━━━ ENTRIES SUPPLIED ━━━

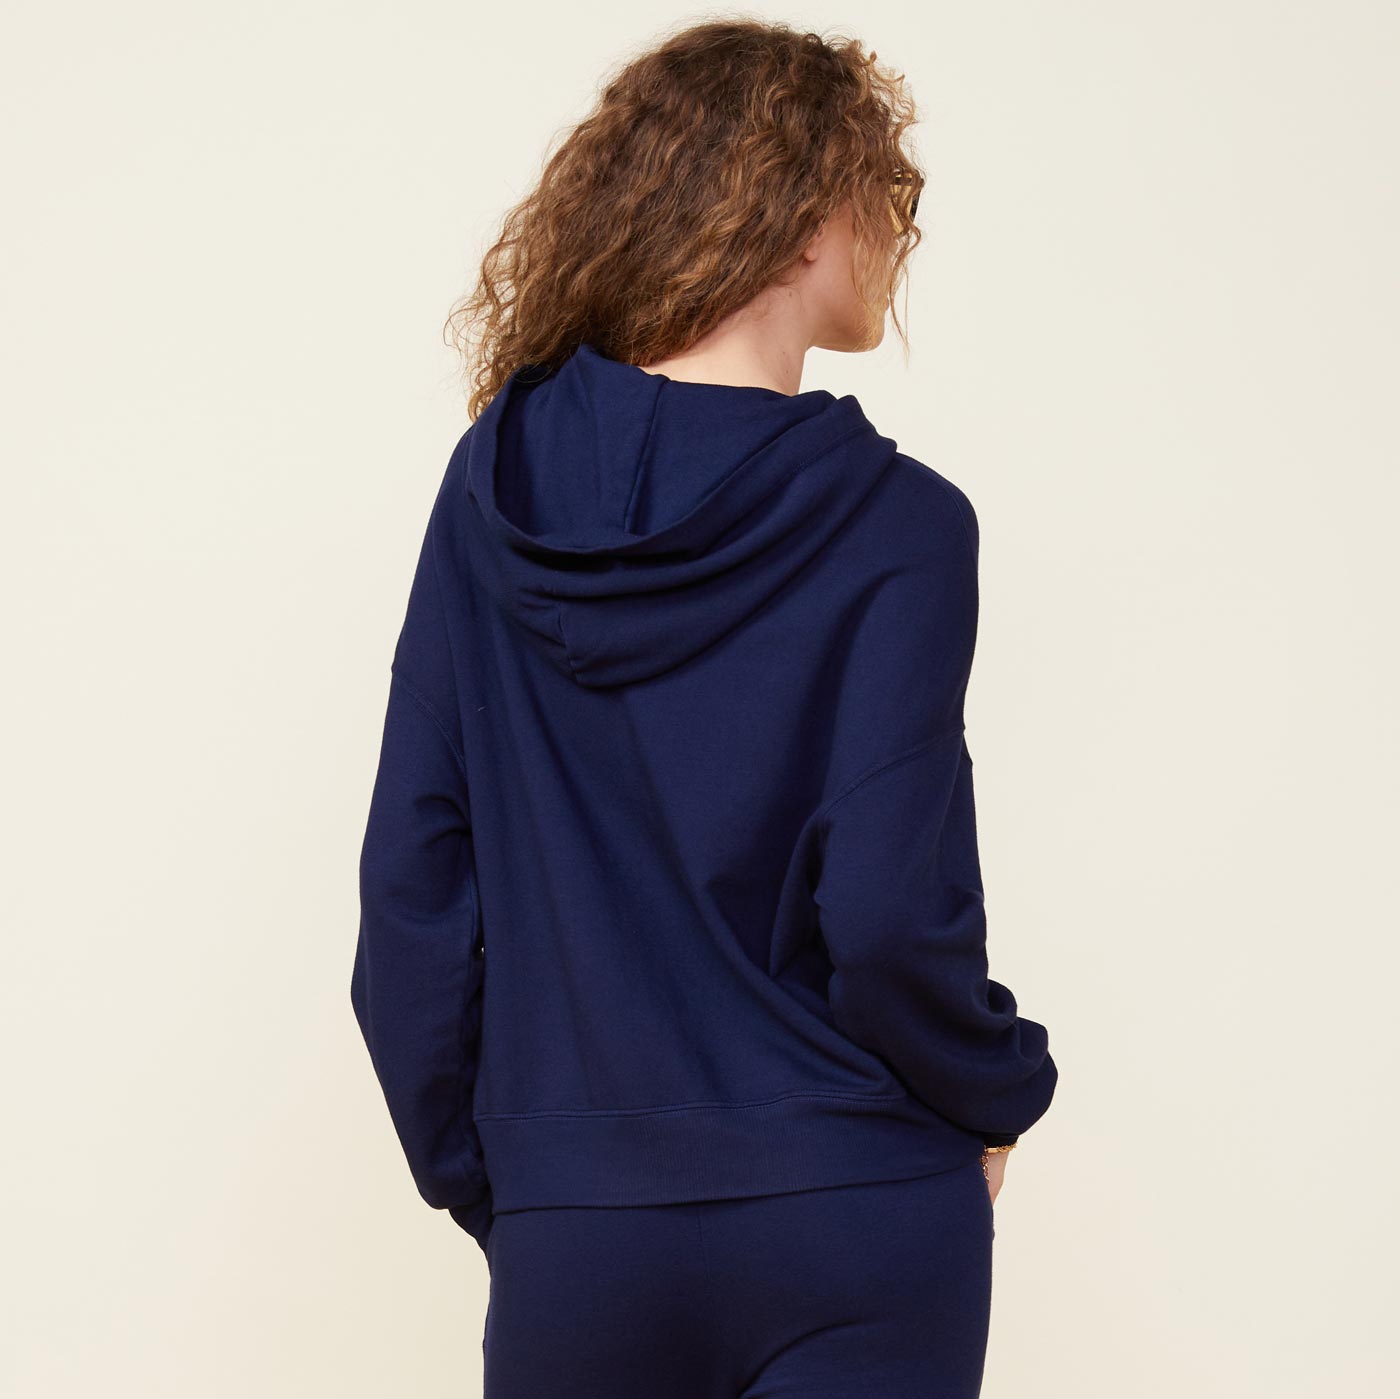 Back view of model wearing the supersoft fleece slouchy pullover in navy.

━━━
━━━ ENTRIES SUPPLIED ━━━

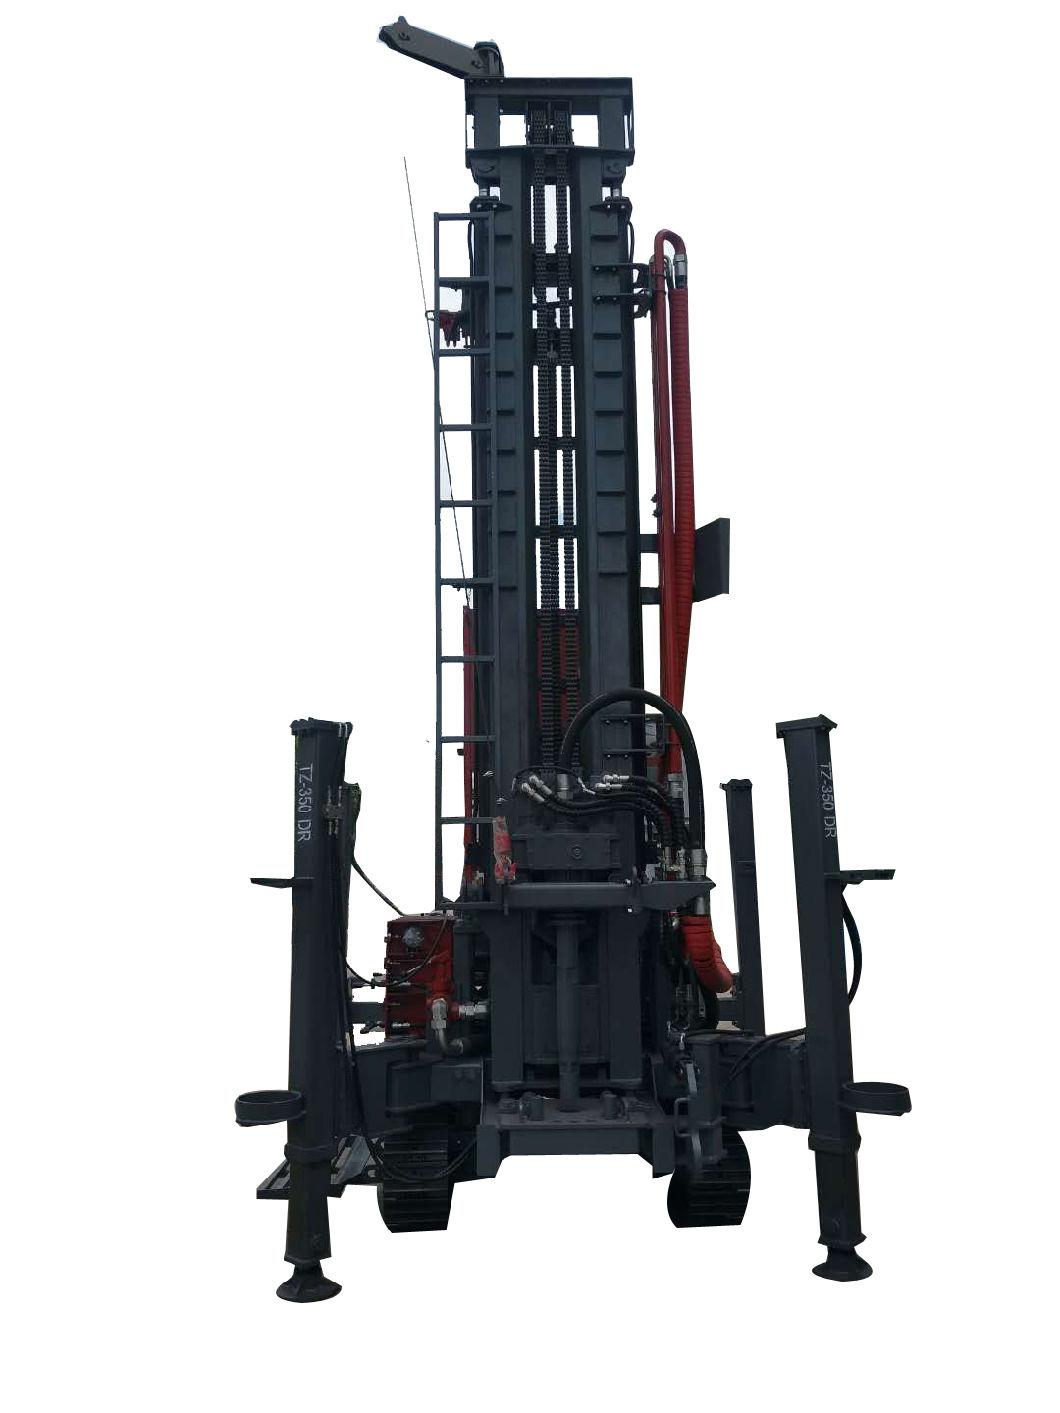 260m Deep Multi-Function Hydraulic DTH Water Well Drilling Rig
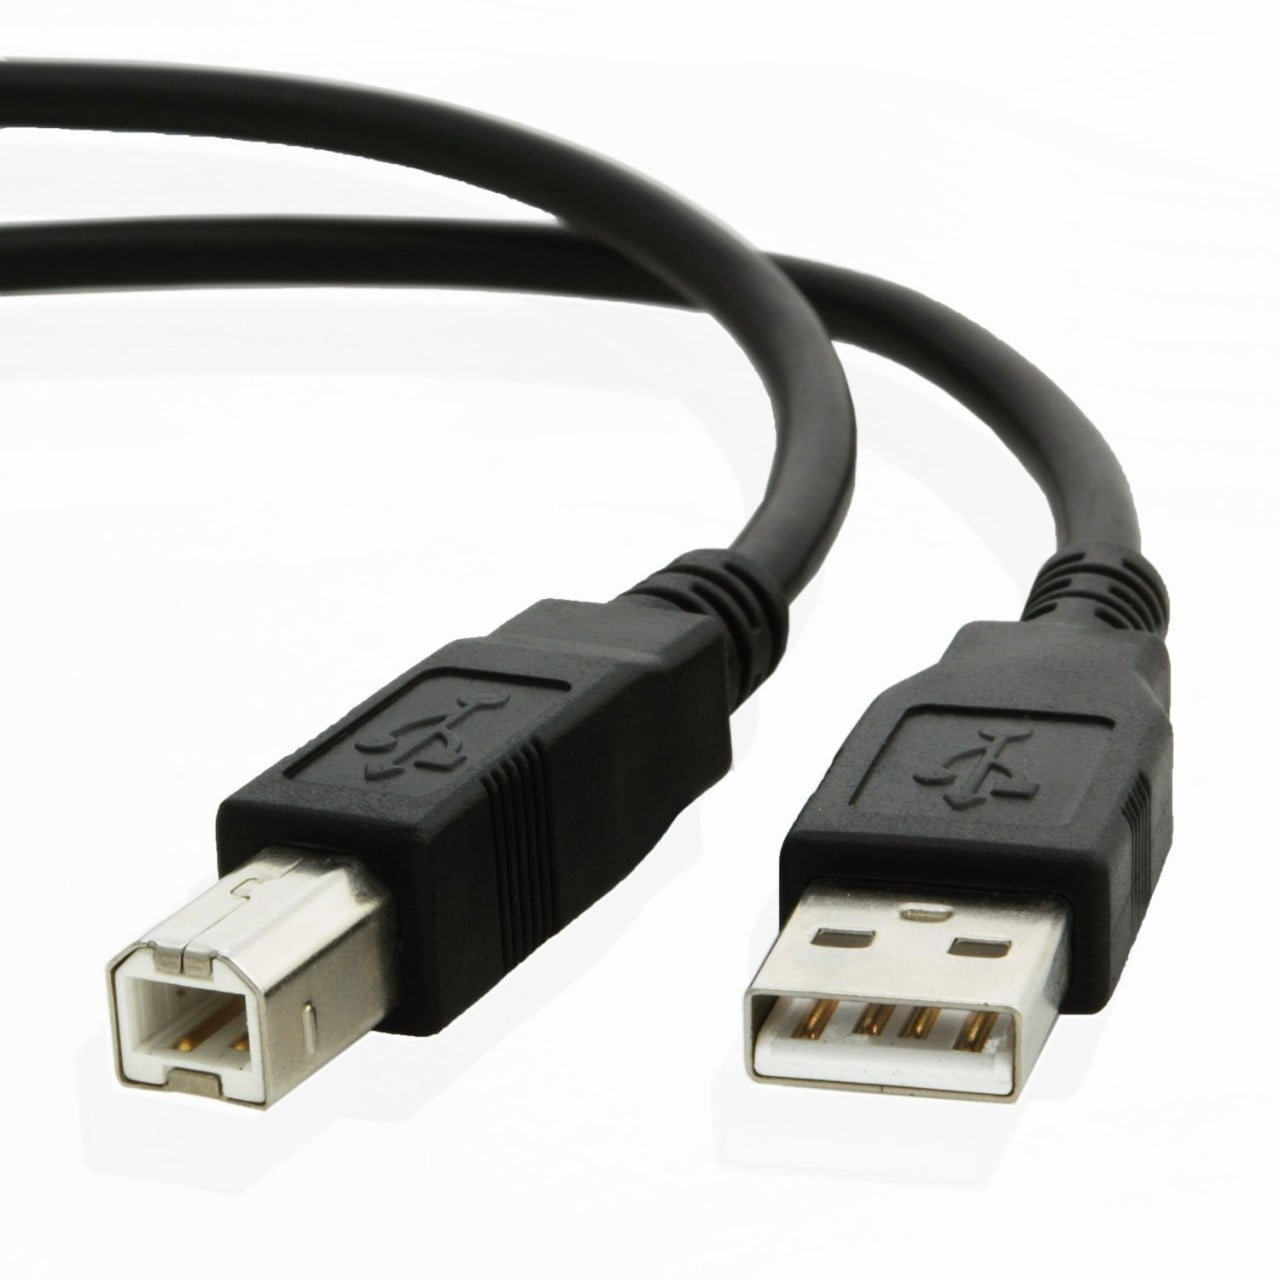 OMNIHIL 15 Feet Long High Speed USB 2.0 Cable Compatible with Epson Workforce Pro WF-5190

━━━

Would you transcribe the lines above exactly, going from the line bearing "260m Deep Multi-Function" through the line bearing "OMNIHIL 15 Feet", and drop the pictures from the copy?

__ANSWER BOX__
 260m Deep Multi-Function Hydraulic DTH Water Well Drilling Rig
 OMNIHIL 15 Feet Long High Speed USB 2.0 Cable Compatible with Epson Workforce Pro WF-5190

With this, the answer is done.